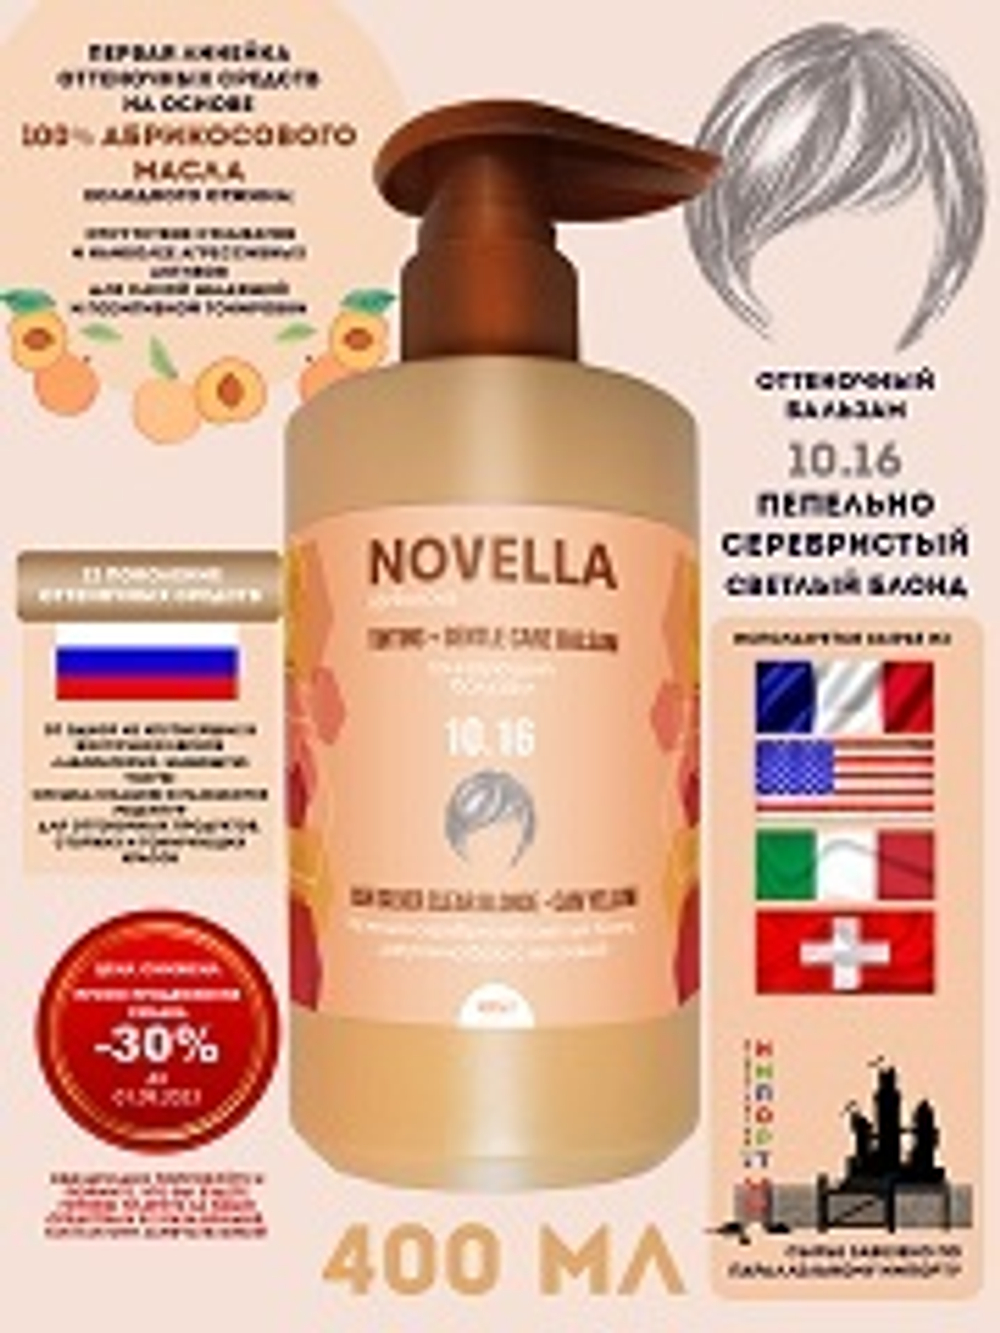 Novella Abrikosova Бальзам для волос, оттеночный, Пепельно-серебристый светлый блонд, 10.16, 400мл
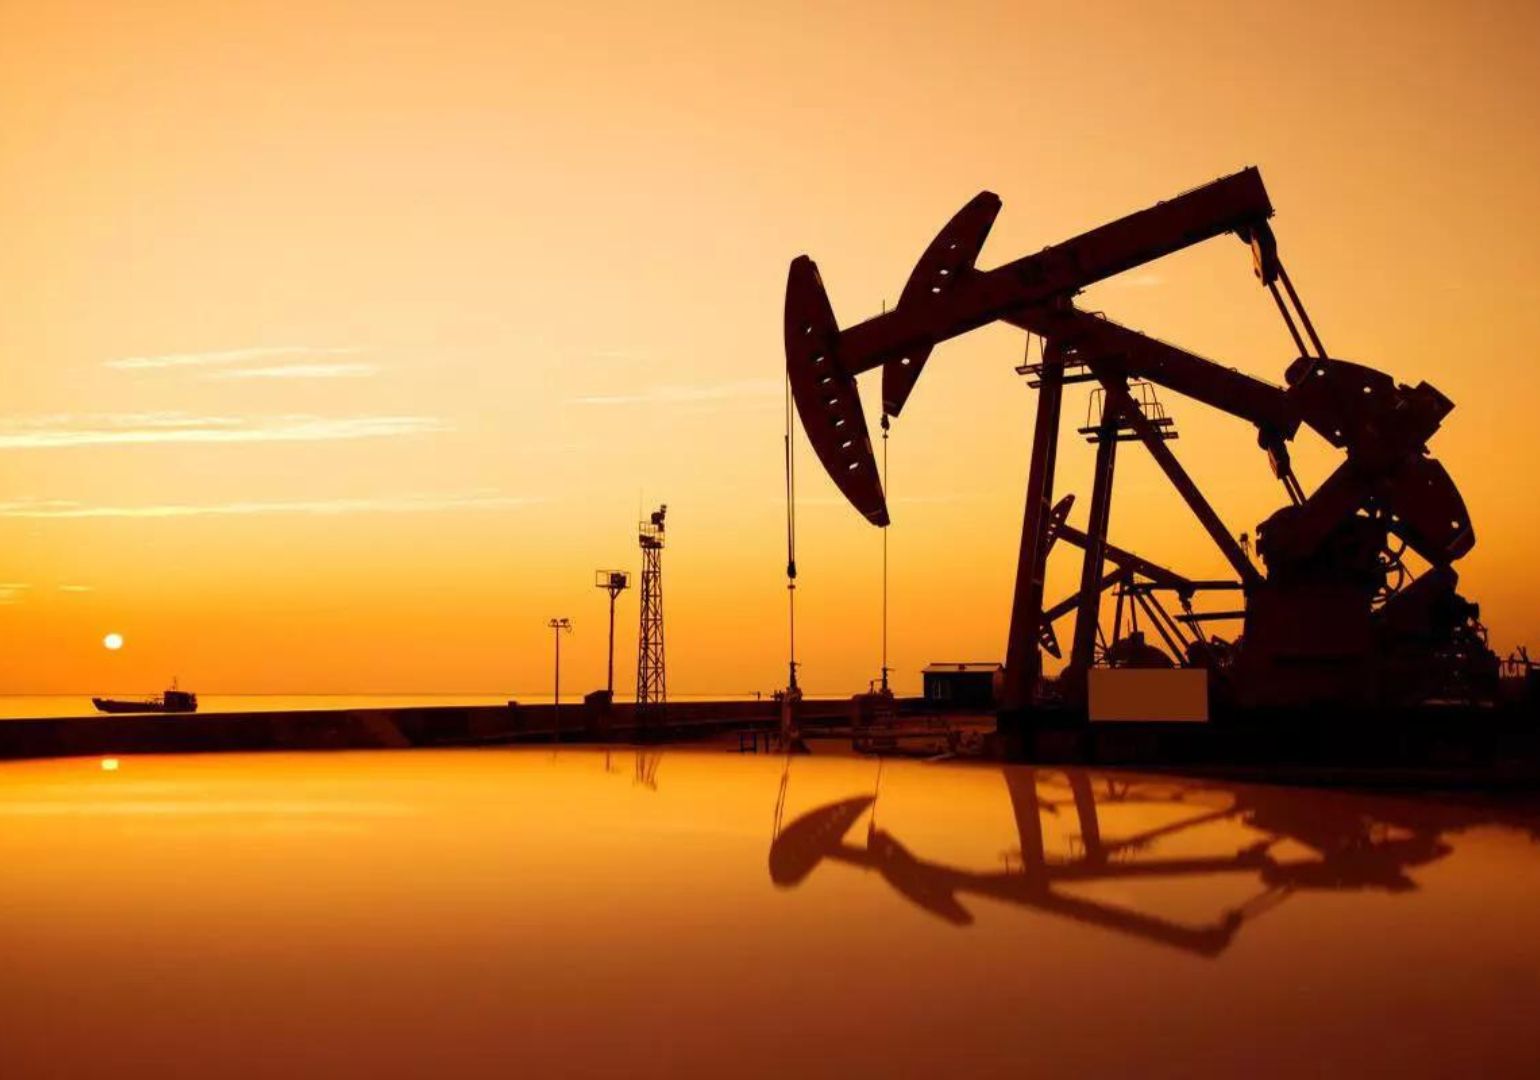 რამდენად დიდია ნედლი ნავთობის გლობალური ბაზარი?
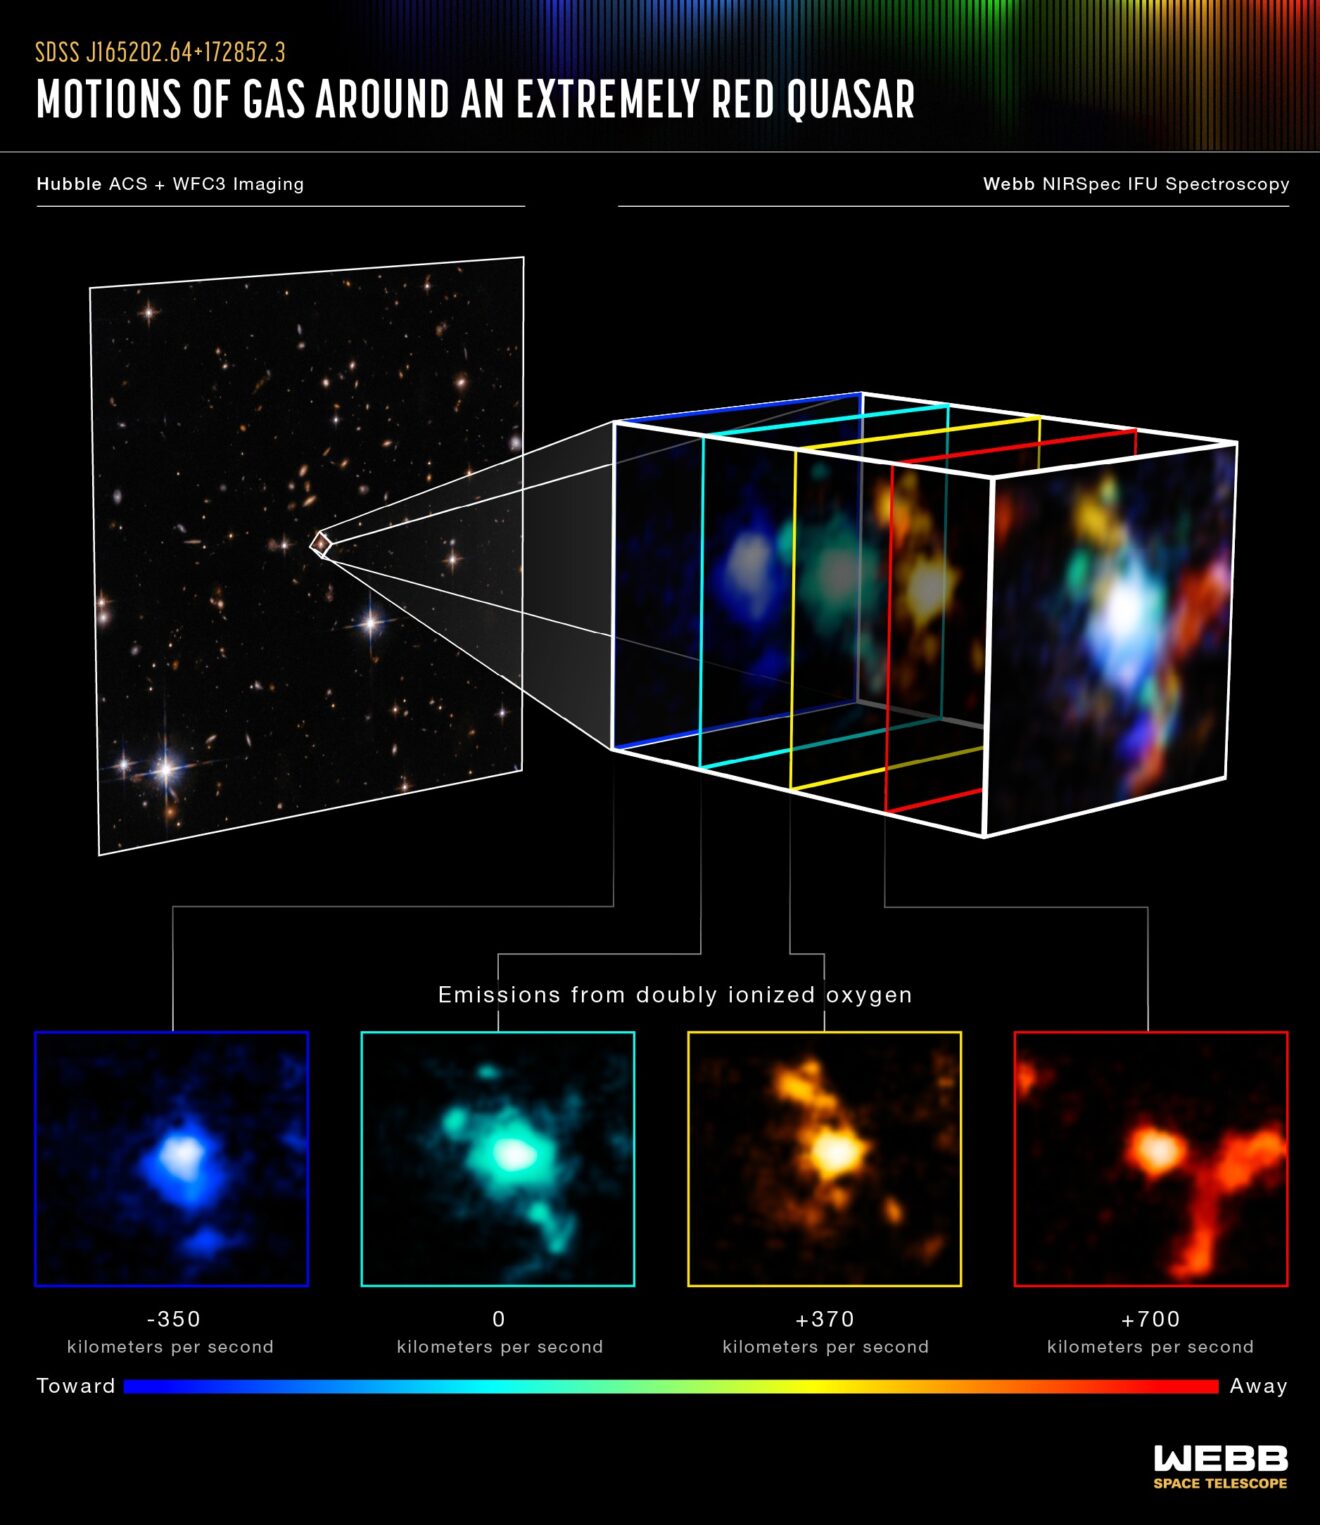 Webb ontdekt een zich vormende cluster van sterrenstelsels rond een rode quasar in het vroege heelal

---

WHAT YOU NEED TO DO: Please copy out the whole listing exactly as it stands, minus the pictures.

ANSWER BELOW:
 Novella Abrikosova Бальзам для волос, оттеночный, Пепельно-серебристый светлый блонд, 10.16, 400мл
 რამდენად დიდია ნედლი ნავთობის გლობალური ბაზარი?
 Webb ontdekt een zich vormende cluster van sterrenstelsels rond een rode quasar in het vroege heelal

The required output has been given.